The Al/CRNNW/n-Si device with a coronene nanowire (CRNNW) interlayer was fabricated by a physical vapor deposition technique and characterized under dark various illumination intensities via I–V measurements at room temperature. The device has exhibited rectifying behavior and the rectifying ratio values decreased from 1.16 × 10³ to 1.44 at 4 V biases by increasing light intensity from 20 to 100 mW. The Al/CRNNW/n-Si device was characterized by various techniques such as thermionic emission theory, Norde, and Cheung technique, and device parameters were obtained. The ideality factor and barrier height values were determined as 21.33 and 0.75 eV, respectively, under dark condition from the thermionic emission theory. The series resistance of the device is obtained as 3090 Ω from the Norde method and 9840 Ω from the Cheung method for the dark condition. The current transport mechanism of the device was discussed in detail for various regions from lnI–lnV plot. The coronene layer can be thought of and improved as interfacial material for metal–semiconductor devices.
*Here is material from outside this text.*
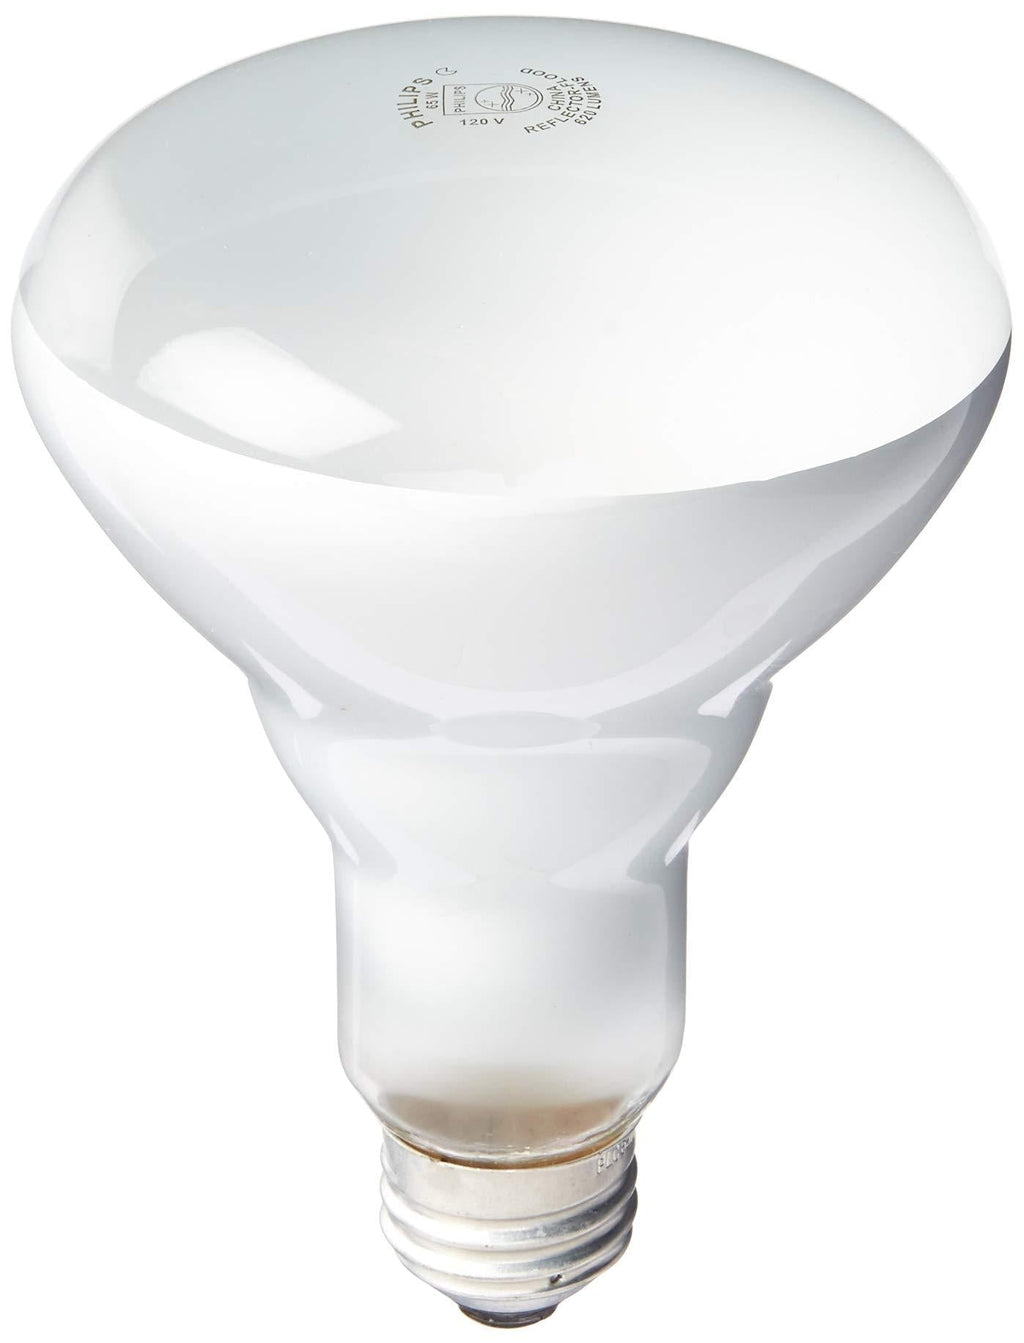 PHILIPS 408662 Soft White 65-watt Br30 Indoor Flood Light Bulb (Pack of 4) 4 Pack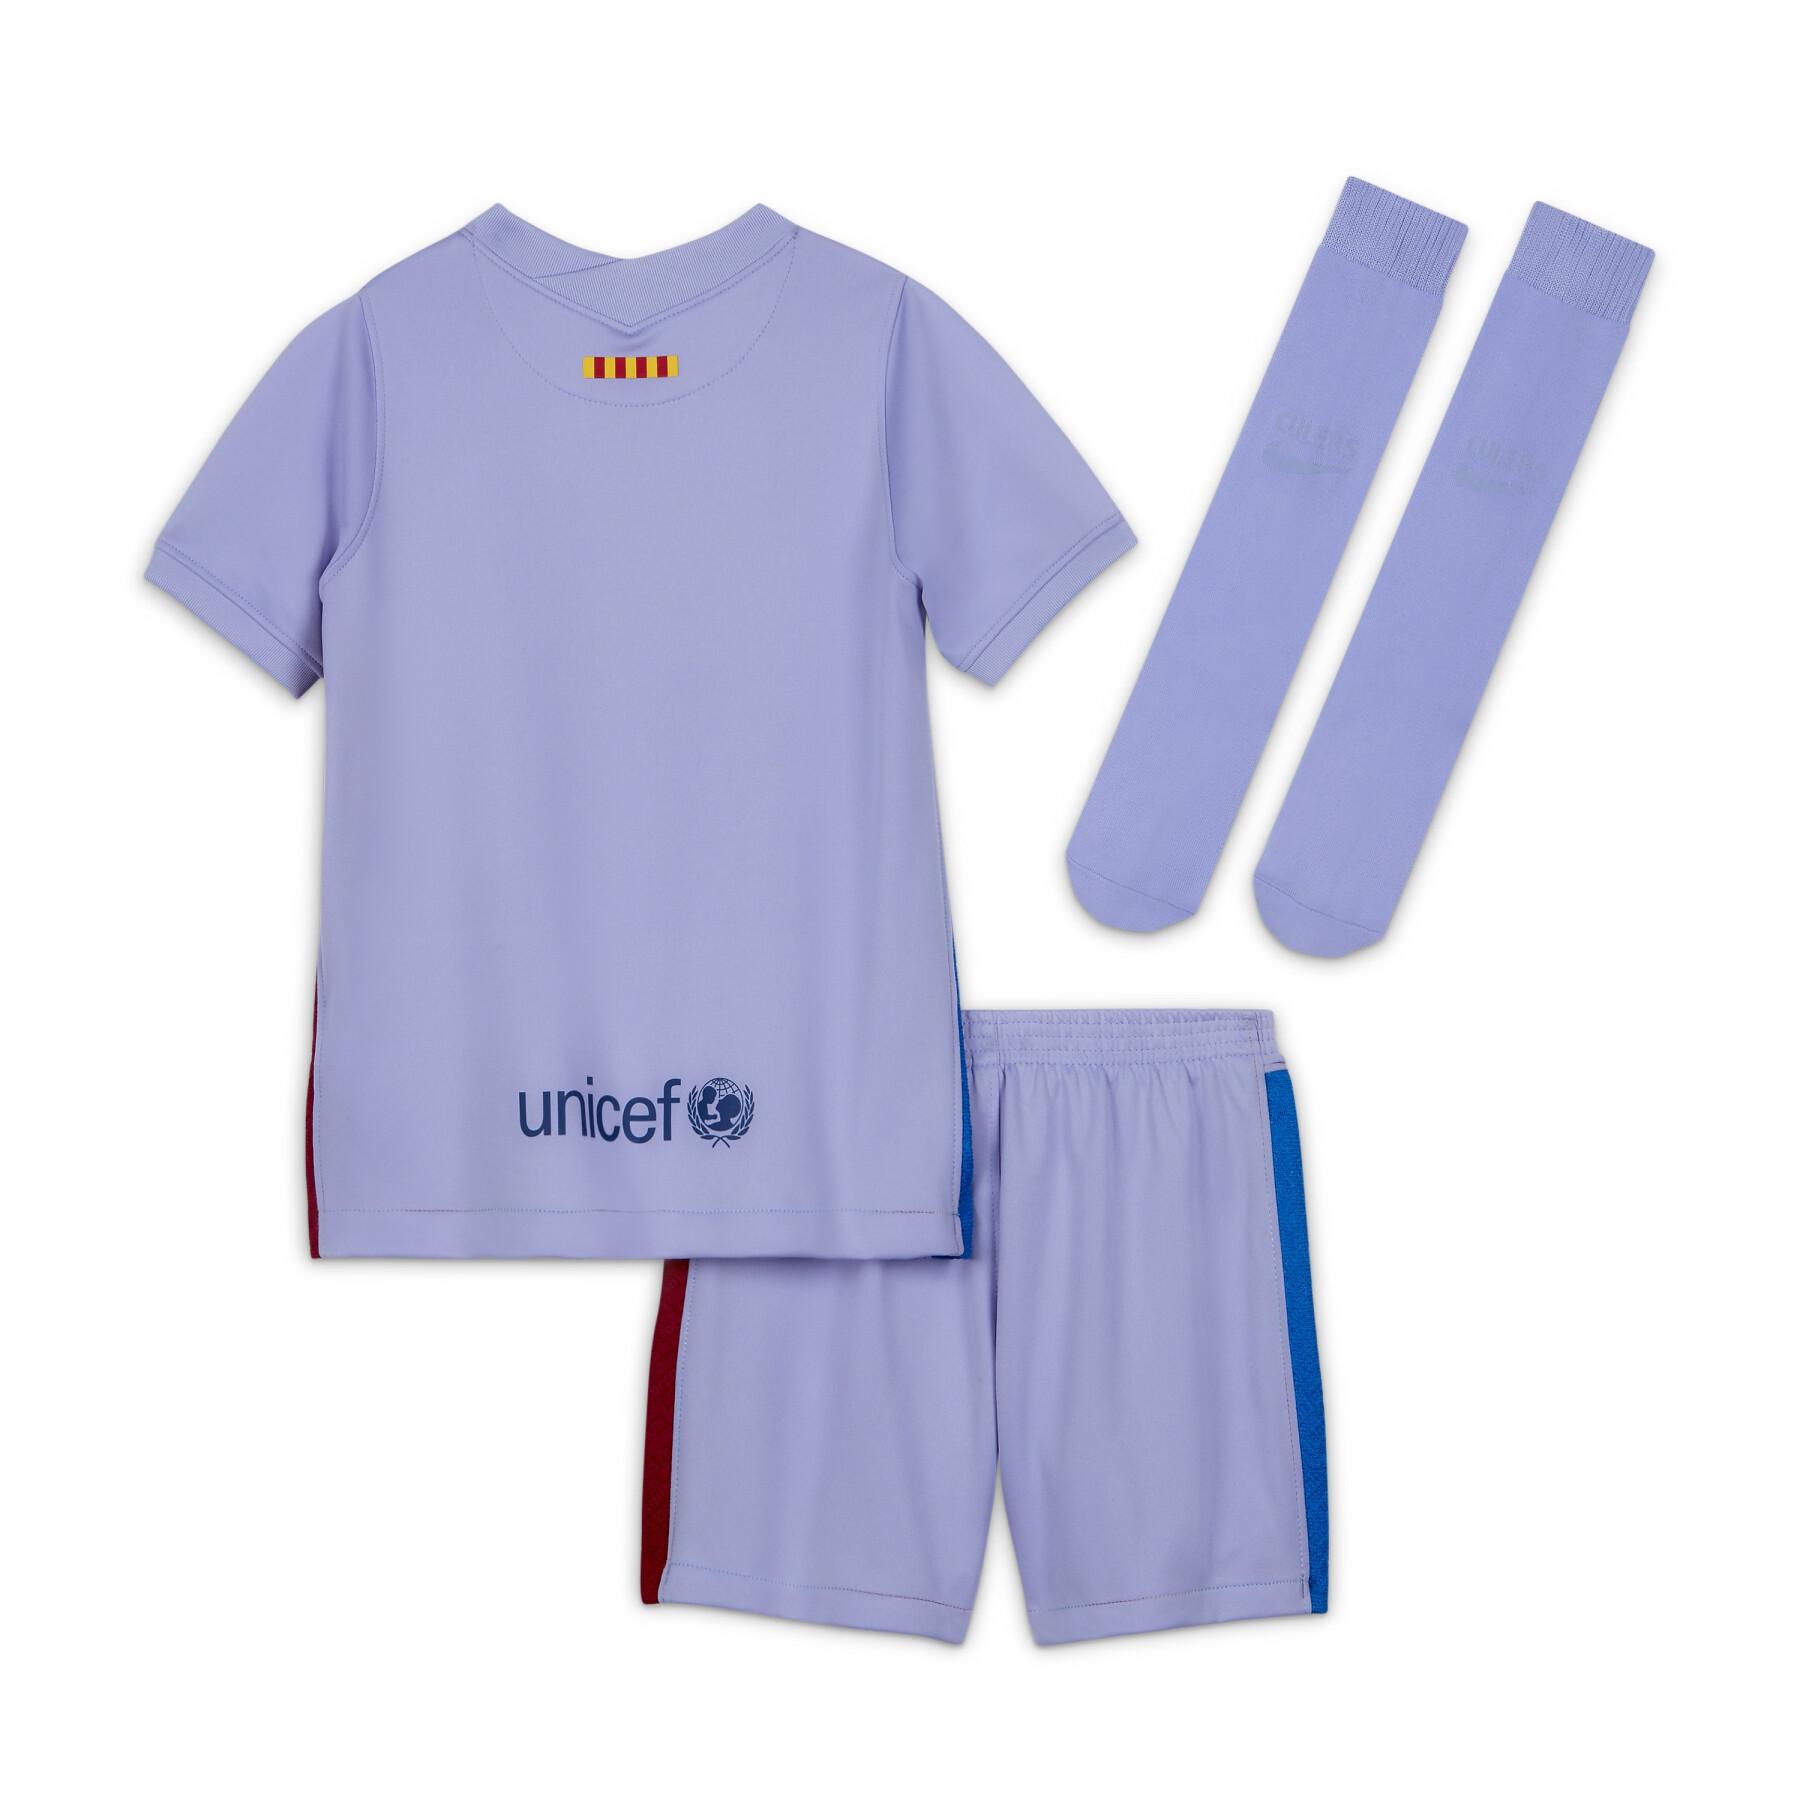 Mini-kit para crianças ao ar livre FC Barcelone 2021/22

铝/ CRNNW / n-Si装置与ron金属纳米线（CRNNW）中间层是通过物理气相沉积技术制造的，并在暗处通过室温下的I–V测量来表征各种照明强度。器件表现出整流性能，整流比值从1.16×10 ³减小通过将光强度从20 mW增加到100 mW，在4 V偏压下达到1.44Ω。利用热电子发射理论，Norde和Cheung技术等多种技术对Al / CRNNW / n-Si器件进行了表征，并获得了器件参数。根据热电子发射理论，在黑暗条件下，理想因子和势垒高度值分别确定为21.33和0.75 eV。对于黑暗条件，该器件的串联电阻从Norde方法获得为3090Ω，从Cheung方法获得为9840Ω。从ln I– ln V图的各个区域详细讨论了该器件的电流传输机制。可以将co烯层视为并改进为金属-半导体器件的界面材料。